Cornel West explores the “New Cultural Politics of Difference” in an essay. He states that “the new cultural politics of difference consists of creative response to the precise circumstances of our presen moment” The three bais changellend of the new cultural politics of difference include: intellectual, existential, and political. The intellectual challenge centers in the monopoly and homogenization of history, culture, and society. In this he cites Fanon and his theories on the decolonization of the Third World, as it marked the end of the Age of Europe, but the emergence of the USA as a world power. This historical analysis applies to Mexico, as it too was colonized and controlled by Spain, only to find itself “liberated” from Spanish control but exploited by what Fanon calls “the national bourgeoisie” and now the U.S.

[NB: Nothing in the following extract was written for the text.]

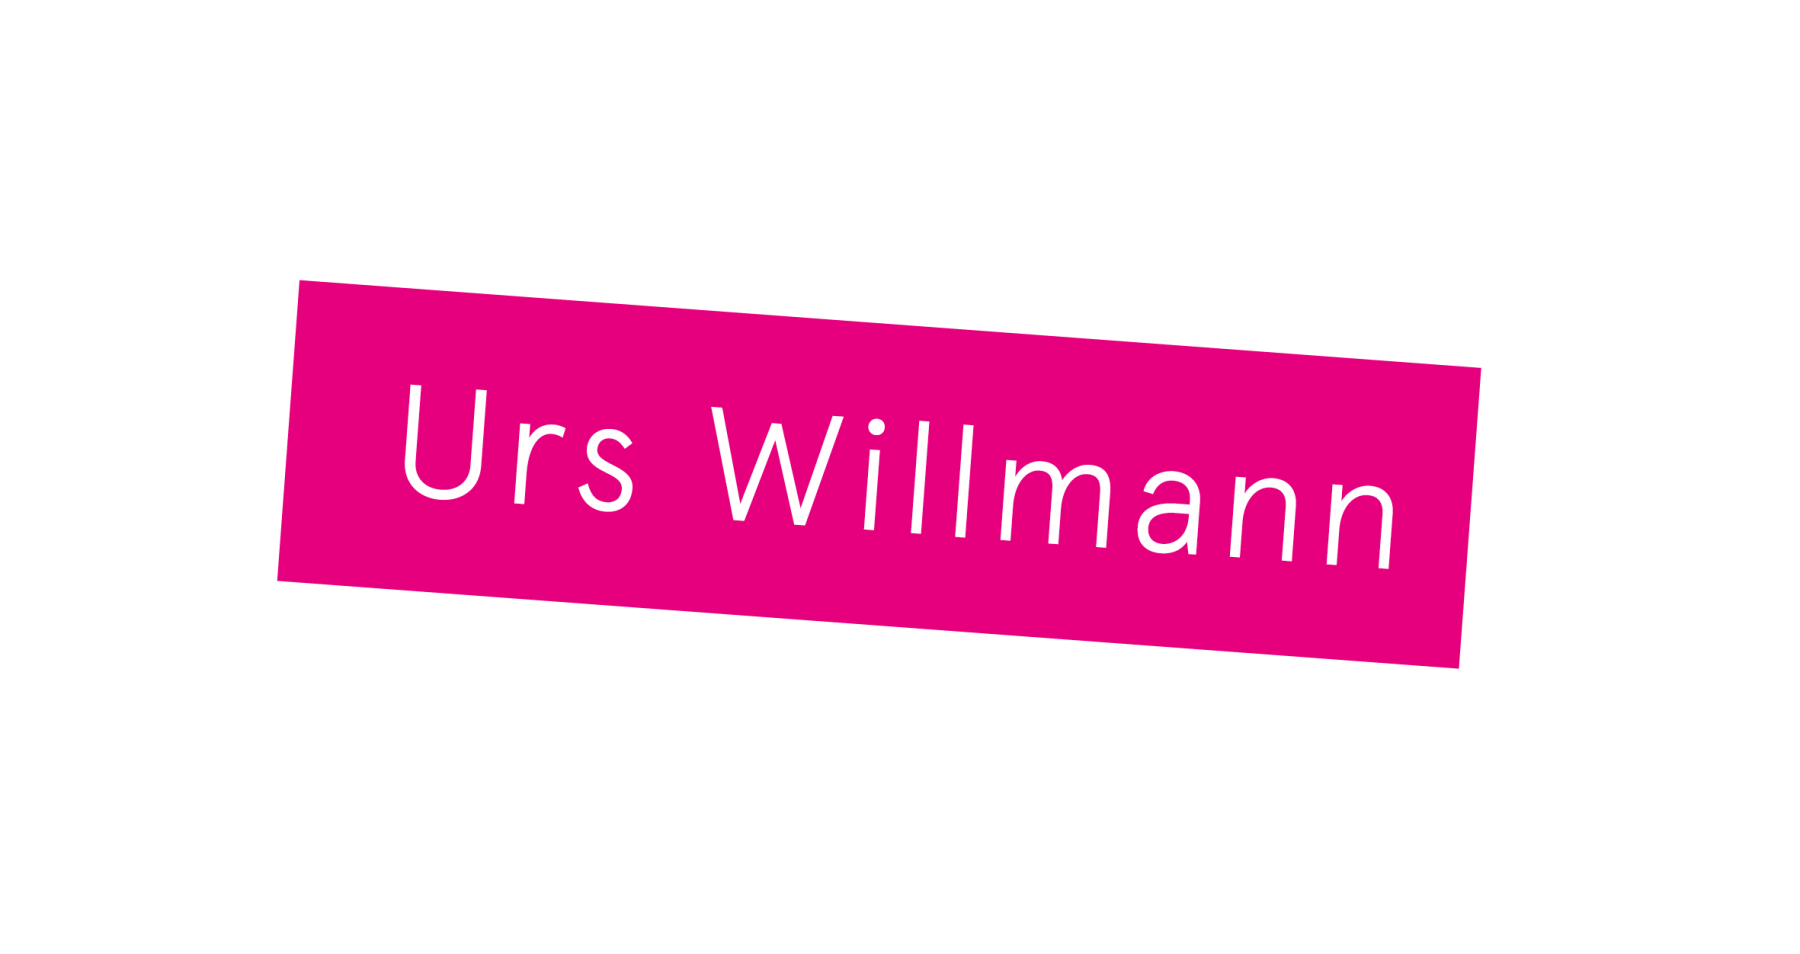 Urs Willman

                West’s second challenge is the existential challenge, which refers to the cultural capital to thrive independently of the nation or the status quo.  I believe that the EZL has the “high-quality skills require to engage in critical practices and the self-confidence, discipline and perseverance necessary for success without an undue reliance on the mainstream for approval and acceptance” (32). The mainstream approval refers to the conservative, capitalist mestizo Mexican population which has openly criticized the subversive aspect of the EZLN. Finally, West poses the question of whether or not a civilization that evolves more and more around market activity, buying and selling commodities, expand the scope of freedom and democracy. The EZLN has been critical of this unregulated abuse of resources, and the inequalities of a market system based on consumption.